#### [Goal of the exercise]
Each line below from the line with "Men Floral Long" to the line with "NIKE SWIM 成人專業型鏡面泳鏡 NESSA178-710 - 桃紅" must be copied exactly, including those two, and no picture may appear in the copy.

#### [Material provided]
%%

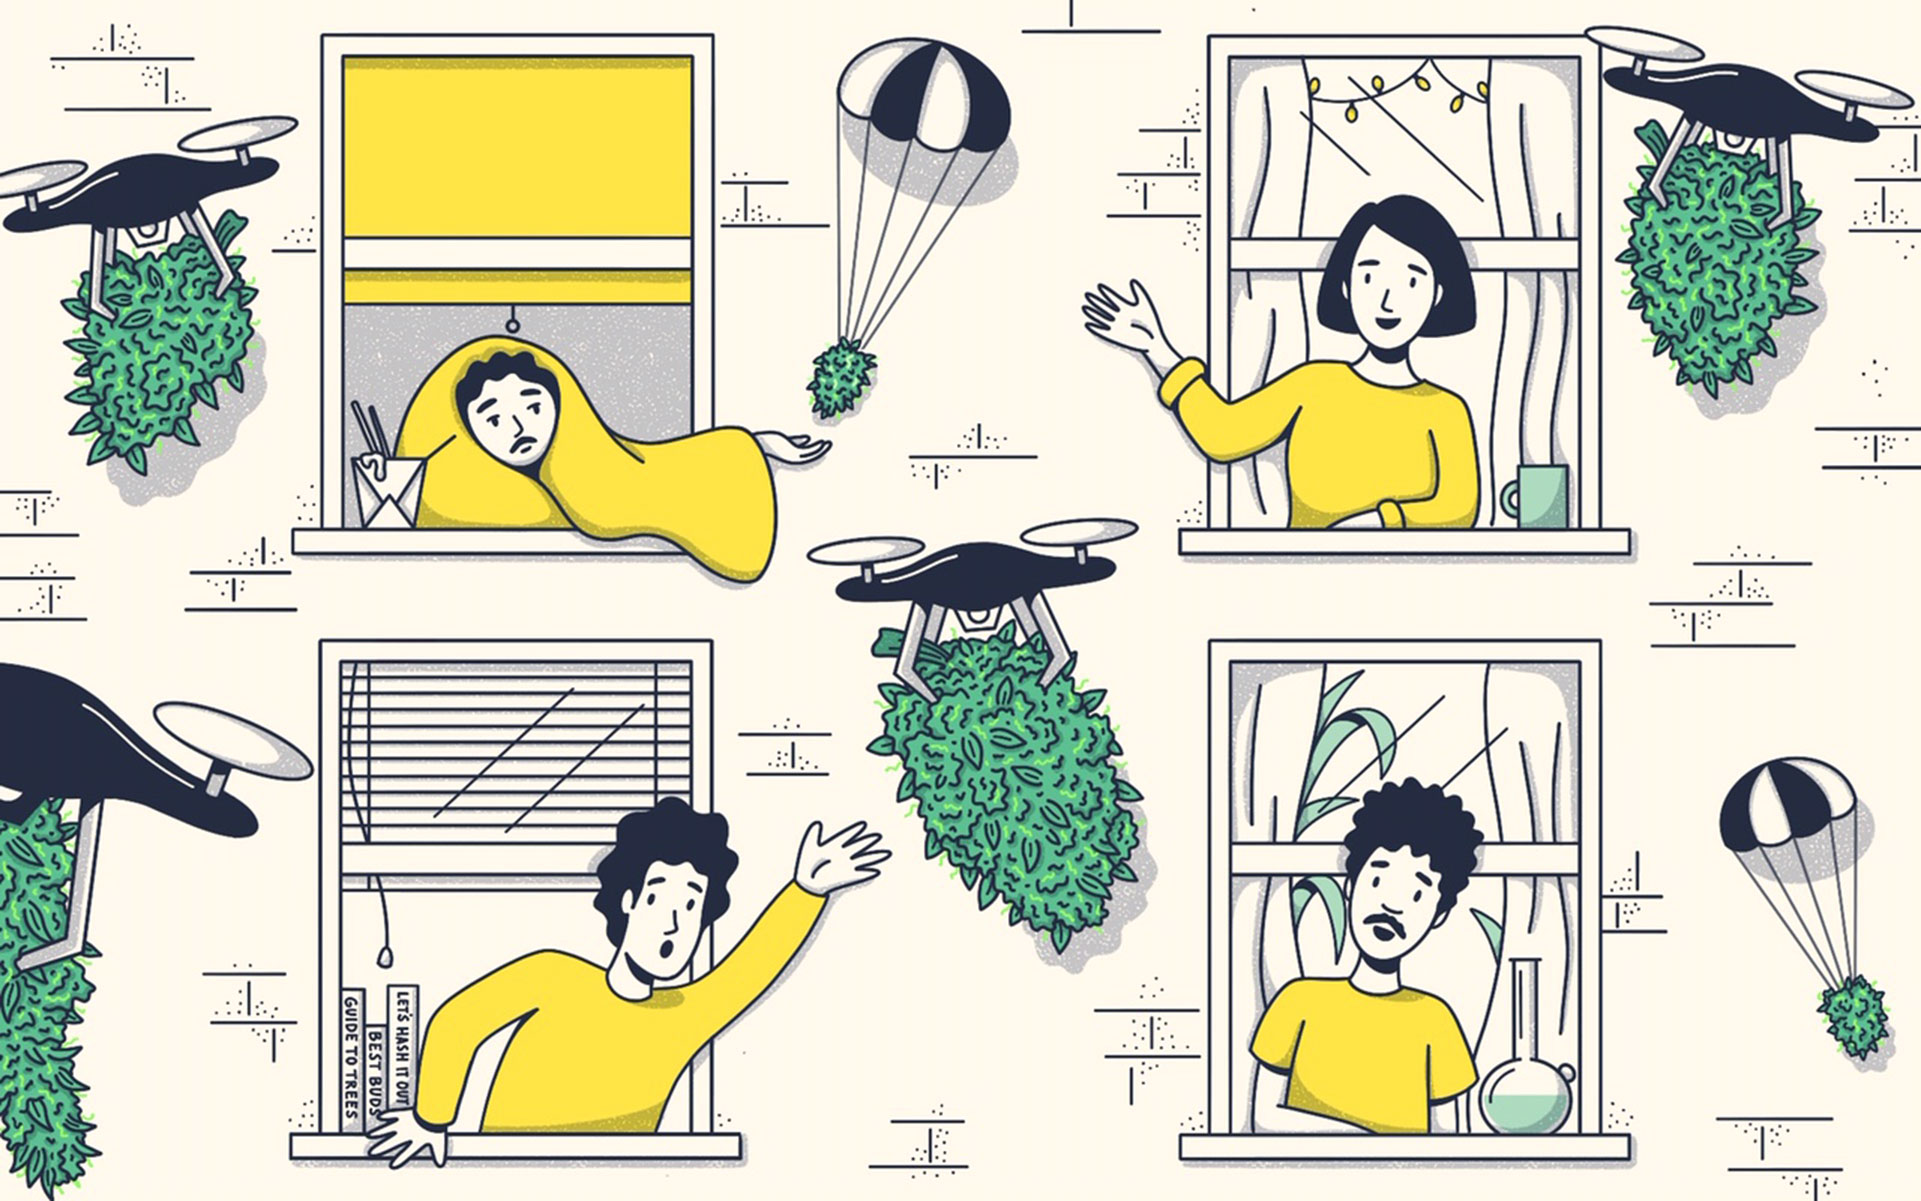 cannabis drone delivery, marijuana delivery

%%
%%

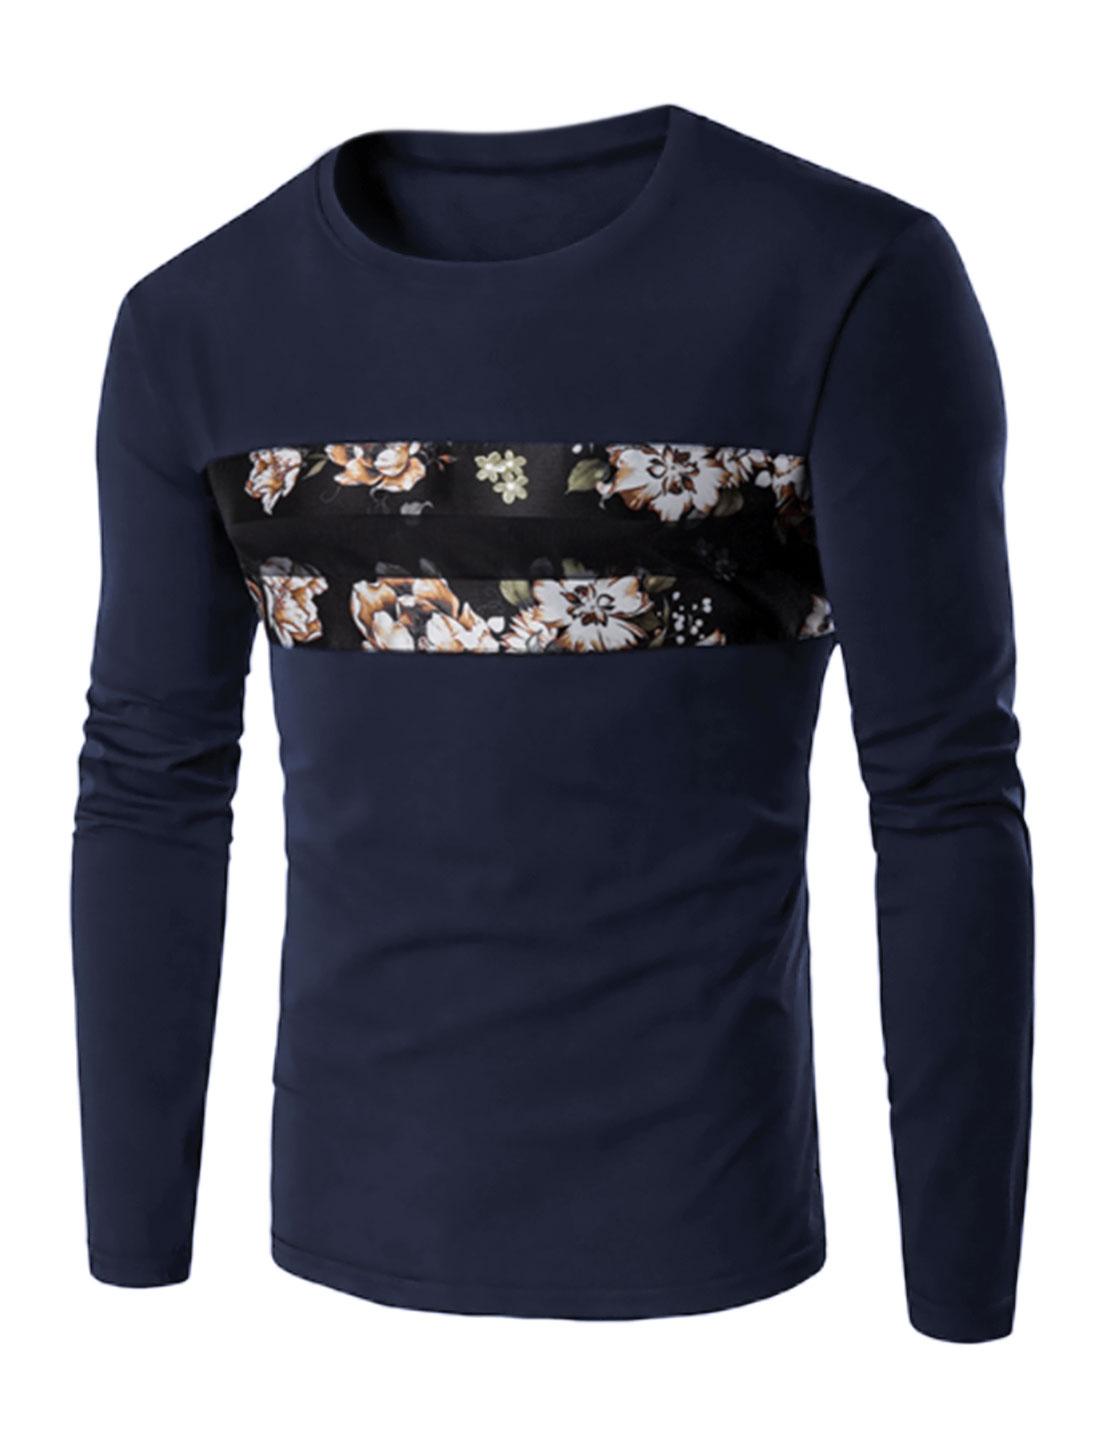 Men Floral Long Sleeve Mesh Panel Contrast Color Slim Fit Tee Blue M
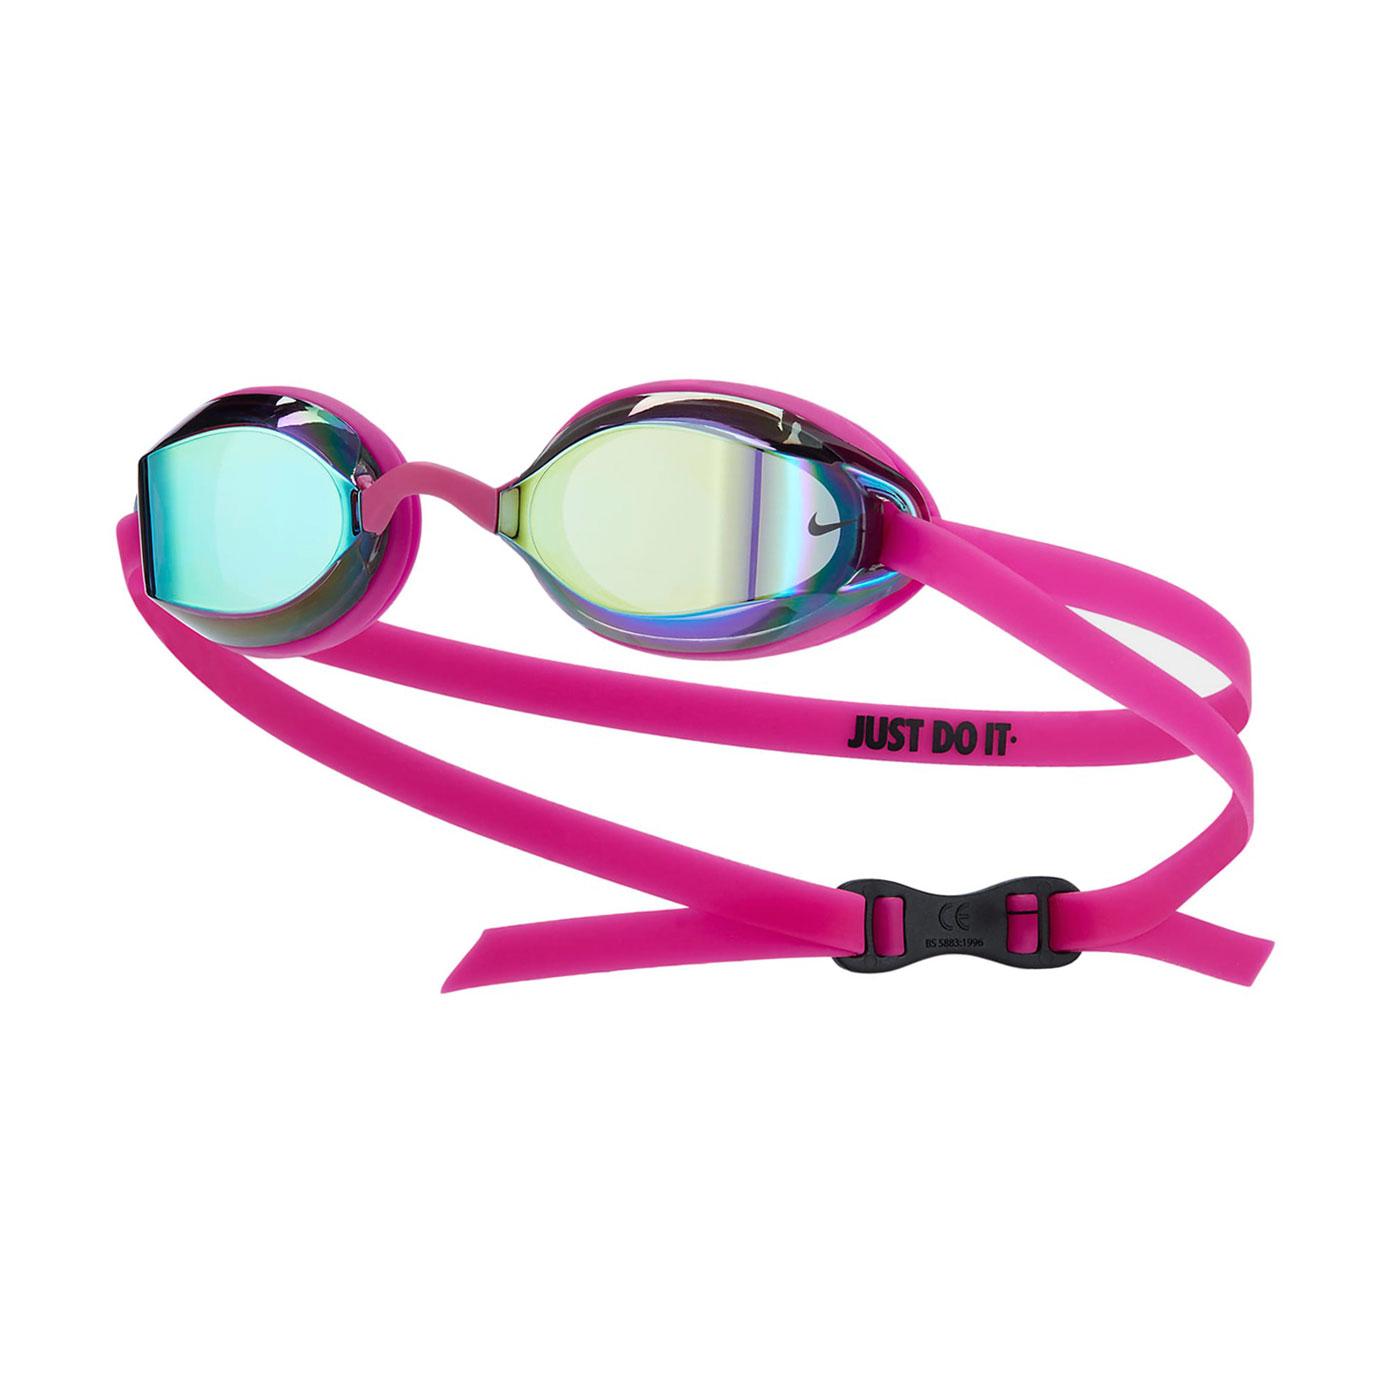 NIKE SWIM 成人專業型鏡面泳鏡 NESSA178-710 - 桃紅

%%
%%

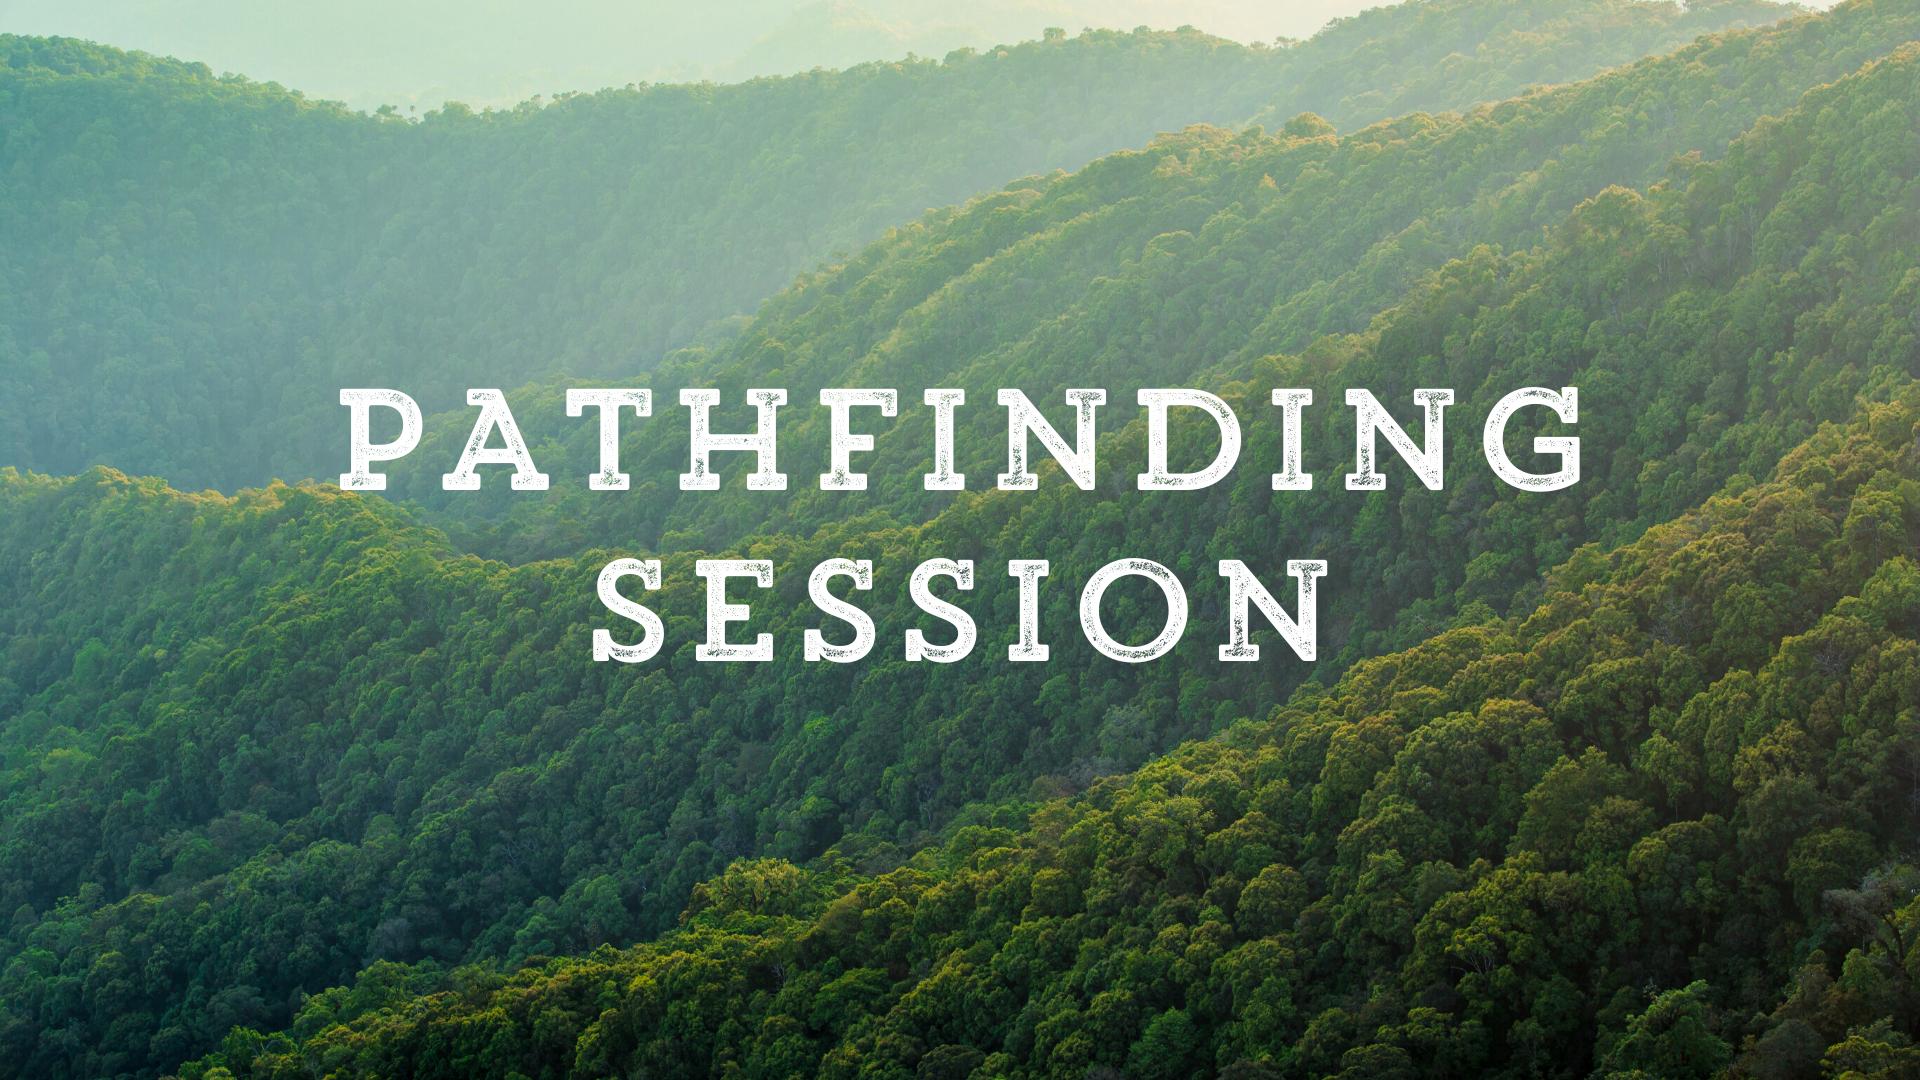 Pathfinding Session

%%

#### [Answer space]
 Men Floral Long Sleeve Mesh Panel Contrast Color Slim Fit Tee Blue M
 NIKE SWIM 成人專業型鏡面泳鏡 NESSA178-710 - 桃紅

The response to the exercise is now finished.